I don't disagree with the pricing thing in principle mellojello, but we had no idea she was going to do that (yes, I know, I will be clearer in future). She had said she was going to drop off, she didn't give an indication she was going to set a price. By the time she did say it, it was too late for us to get a replacement and besides she had already 'lost' something our regular volunteer had made. She basically made it impossible for us to make any money from what she had made. Not sure what she was thinking there.

WorraLiberty Sat 10-Oct-15 16:43:50

I'm sorry but it sounds very badly managed.

Why are the people in charge allowing her to behave like this?

You/they need to grow a backbone (not mean horribly) and tell her exactly what is expected of her, and what she is not allowed or expected to do.

That way everyone knows where they stand.

WorraLiberty Sat 10-Oct-15 16:44:07

*meant

GabiSolis Sat 10-Oct-15 16:45:34

We (I and the other person in charge) did try to say something to her but by that point it was really difficult to effect any change from a confrontation. I'm not really a fan of doing something like that in front of the girls anyway if I can help it.
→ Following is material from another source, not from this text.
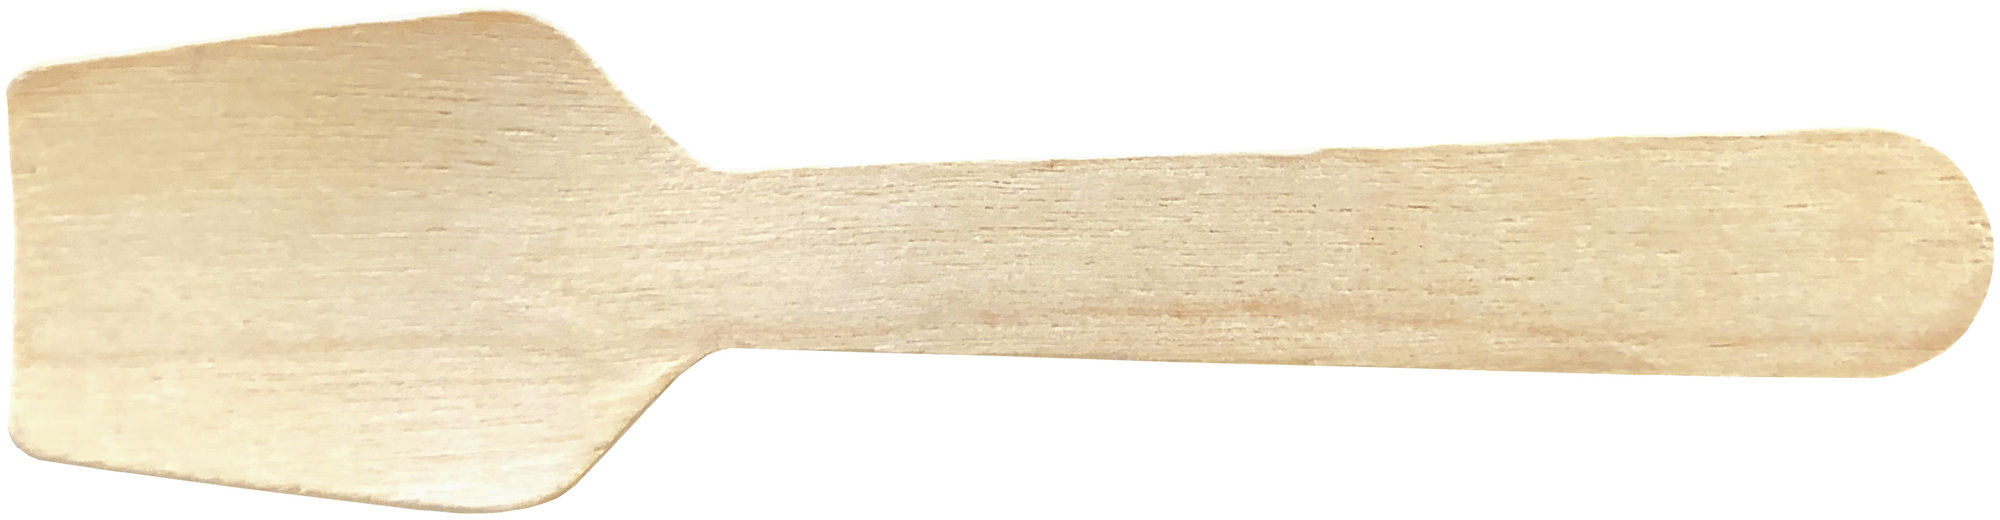 Eisspaten aus Holz

GabiSolis Sat 10-Oct-15 16:50:11

Worra, I would agree with you but everybody else understood what was expected of them and anybody else volunteering deferred any decisions to us. I can see I've given the impression this was rather chaotic but it's really only this one woman who threw the spanner in the works.

The things she kept trying to stop the children doing was taking the money.

GabiSolis Sat 10-Oct-15 16:50:36

Taking the money = taking payment, not stealing!

Floralnomad Sat 10-Oct-15 16:51:03

Then you take her to one side and say it ,nobody is suggesting you do it in front of the children .

theycallmemellojello Sat 10-Oct-15 16:51:54

I don't think that you need to tell her horribly - in fact you should avoid this. Just say, ok thanks for volunteering, this is what we need doing, this is how we want it done. I don't think anyone is suggesting getting into an argument.

Changedtoday Sat 10-Oct-15 16:54:41

YANBU

How to politely avoid a repeat situation? Can you marshall and organise your volunteers in advance, thereby maybe not accepting any more offers of help from her specifically? At the start/before spell out exactly what is required and who is in control of the event? And stick to it even if that means telling pushy mum not to interfere? You mention your worry about her swanning of home with her 'thing' but since it wasn't sold is that not the same outcome? How do other parents view her?